- EXERCISE DIRECTIONS -
Your output should be the lines below from the one with "Low-carb seafood" through the one with "Moncler Grenoble moncler", copied exactly, pictures excluded.

- ENTRIES PROVIDED -
*** Block opens ***

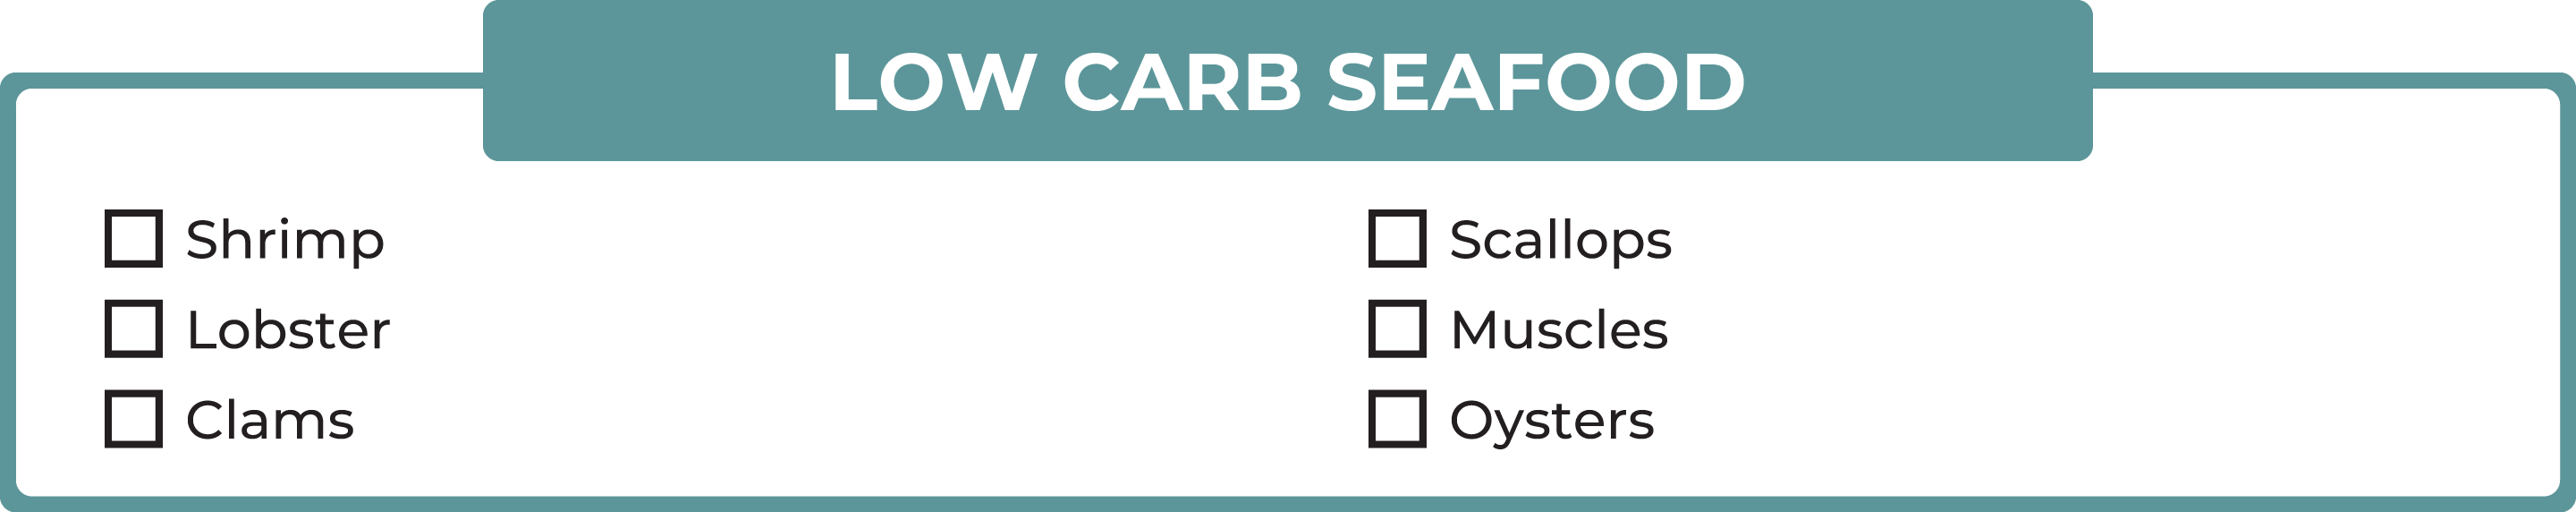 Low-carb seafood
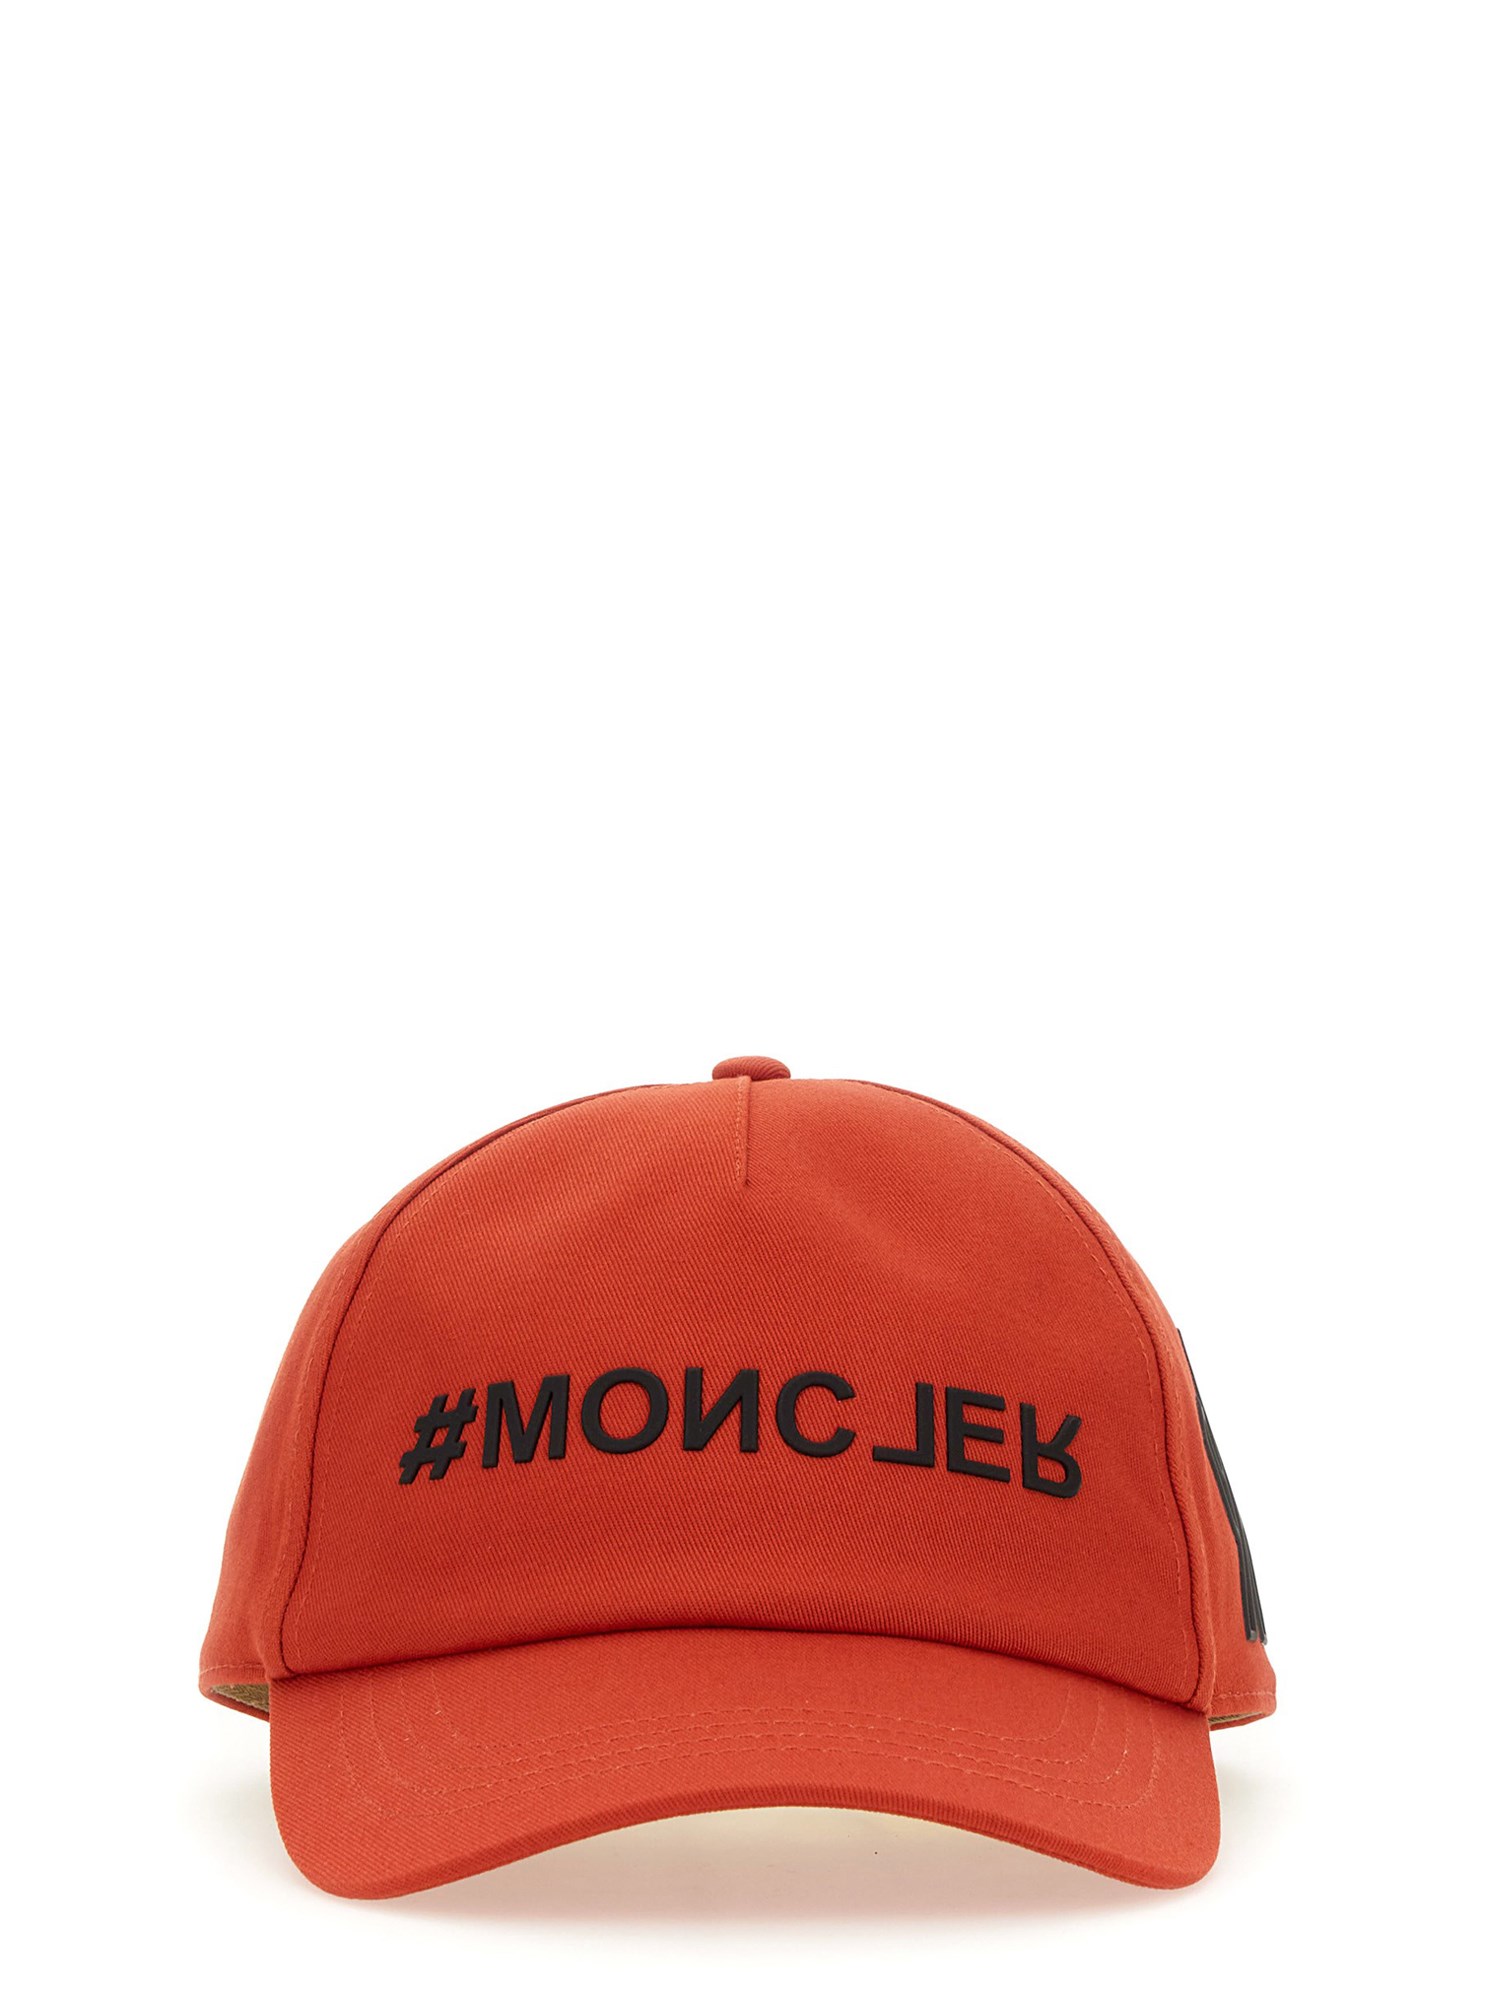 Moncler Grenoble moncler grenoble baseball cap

*** Block closes ***
*** Block opens ***

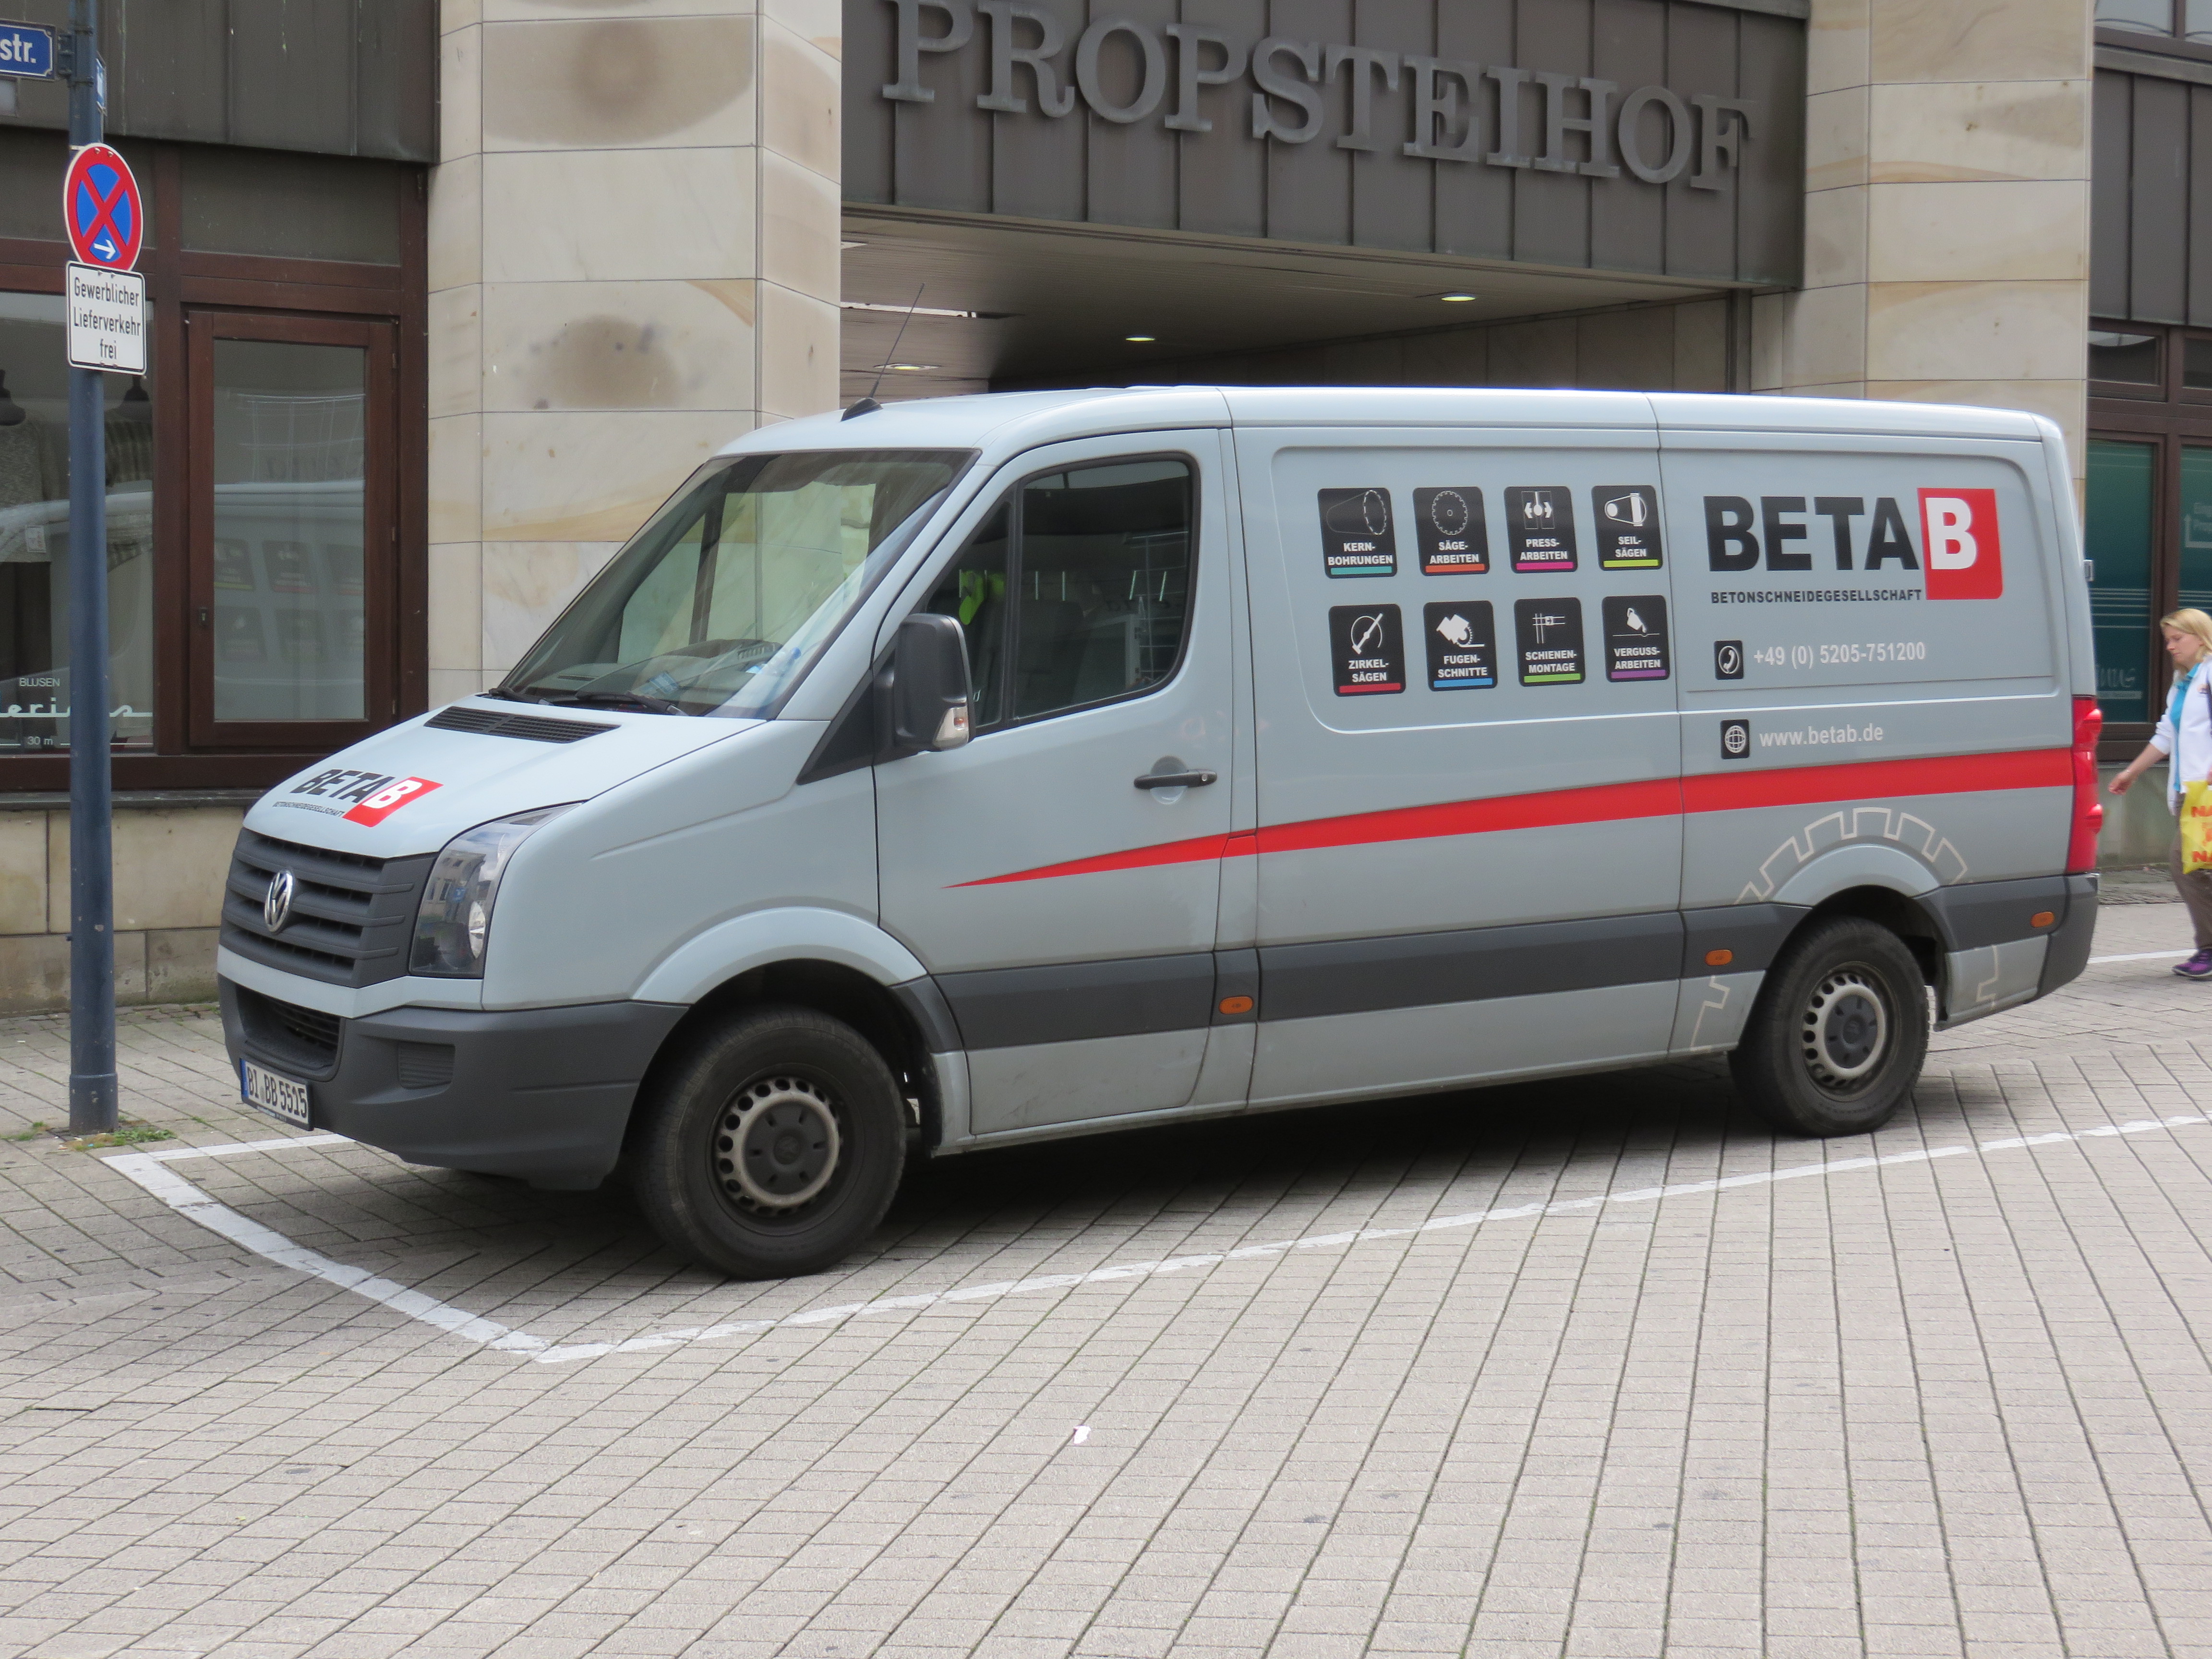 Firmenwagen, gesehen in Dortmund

*** Block closes ***

- SOLVED EXERCISE -
 Low-carb seafood
 Moncler Grenoble moncler grenoble baseball cap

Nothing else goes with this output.